The shots will even be sufficient to cover residents of long-term care facilities, whom he had not originally factored into planning for the first priority group. “In some ways, this puts us ahead of where we thought we were going to be,” Williams said.
Federal officials, acclaiming the expected arrival of vaccines, are also begging people to be patient. “We will have more and more people getting vaccinated,” said Adm. Brett Giroir, the assistant secretary of health and human services during a visit Wednesday to Louisiana, saying “most Americans” might have to wait until May or June.
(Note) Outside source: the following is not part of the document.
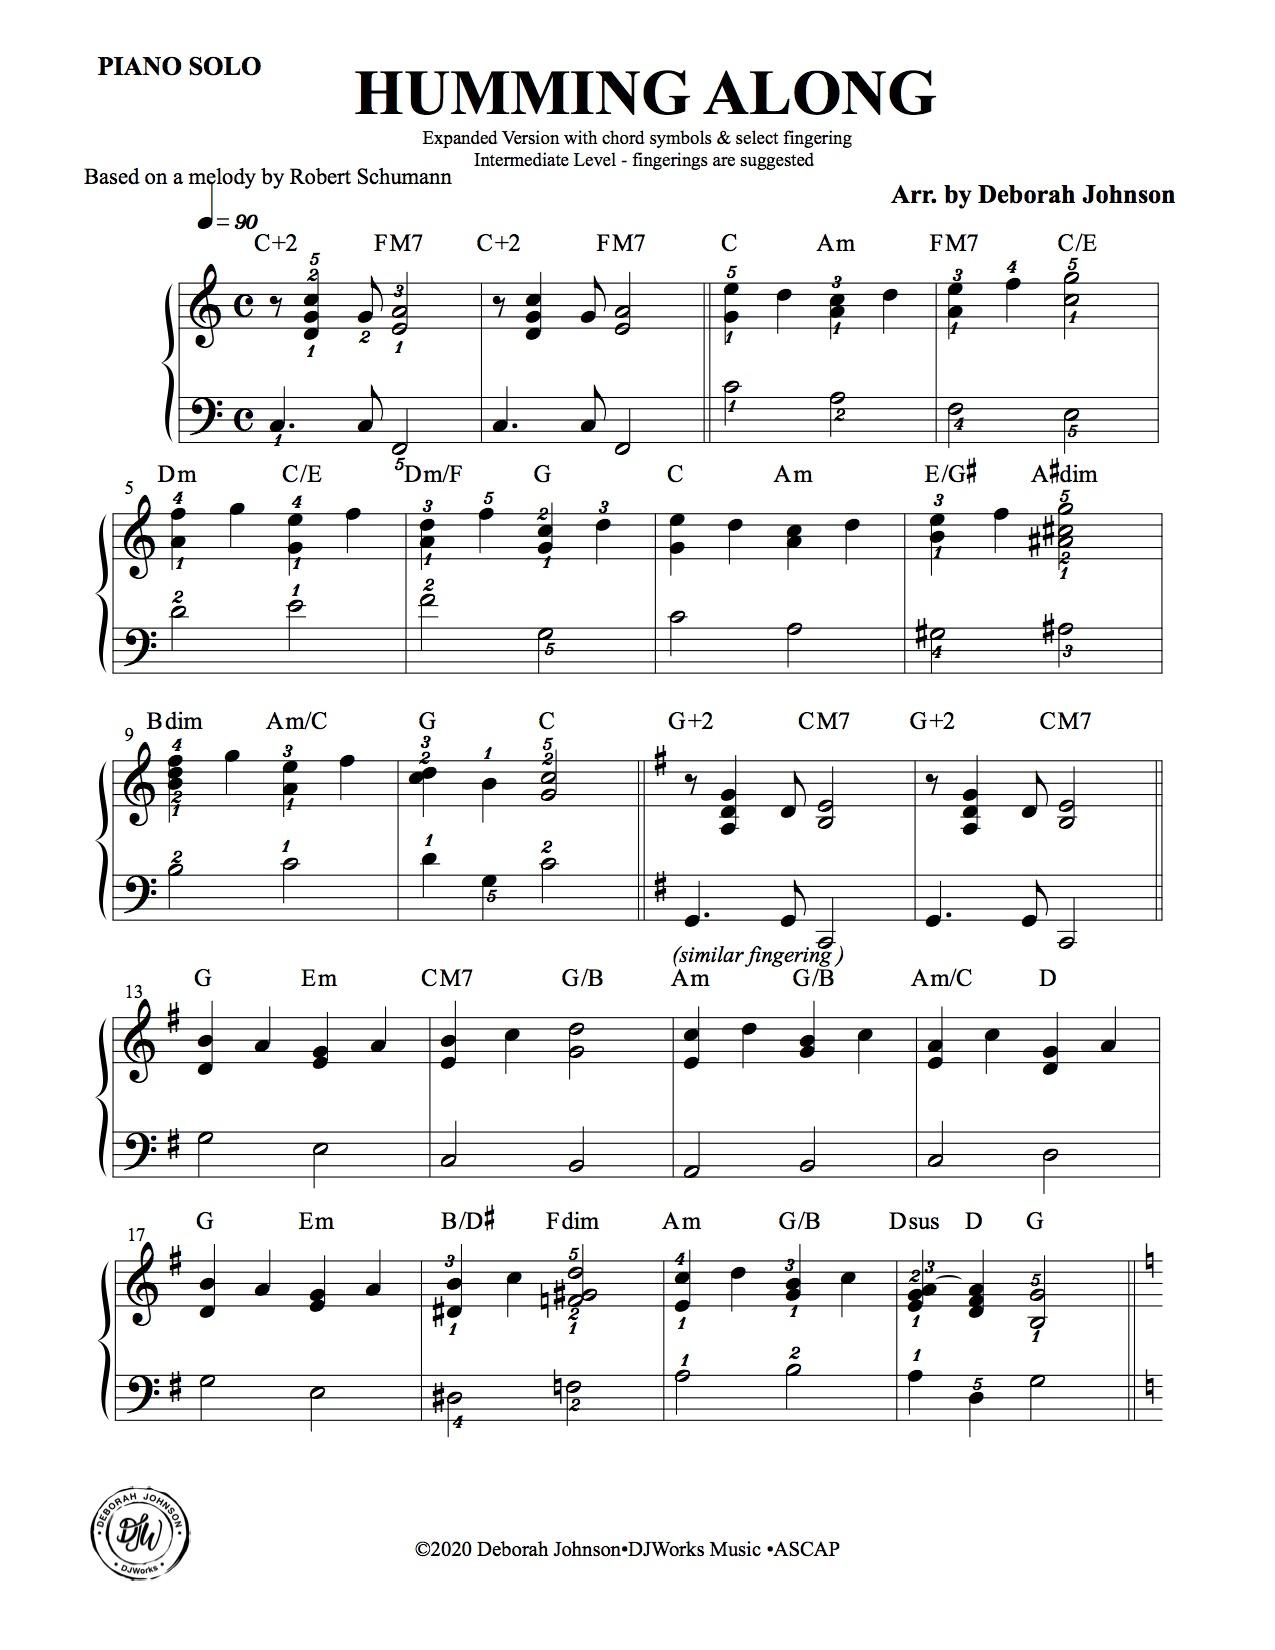 Humming Along-Deborah Johnson Piano Music

Experts agreed the administration’s plan to pay companies billions of dollars in advance to spur manufacturing in parallel to the initiation of clinical trials — a strategy never attempted on such a massive scale — must still be considered a success. The advance payments eliminated or reduced financial risk for the companies, which have raced to ramp up production of doses that are still in the pipeline, if coming slower than originally pledged.
“They have done better than I could have imagined they could have done,” said Barry Bloom, a professor and expert in immunology and infectious diseases at the Harvard T.H. Chan School of Public Health.
Each of the coronavirus vaccine manufacturers contracted by the government, with the exception of Pfizer, will get paid for delivery stockpiles of vaccine even if they fail to win emergency authorization, according to Operation Warp Speed. Together, the six received advance purchase orders of $9.3 billion, according to a tally by analysts at the Wall Street firm Bernstein. Some received additional subsidies of hundred of millions of dollars for research and development.
“This money certainly has been important in helping these companies build out their manufacturing capacity ahead of time. It’s just that it’s really hard to do so,” said Rachel Sachs, a law professor and specialist in pharmaceutical pricing at Washington University in St. Louis.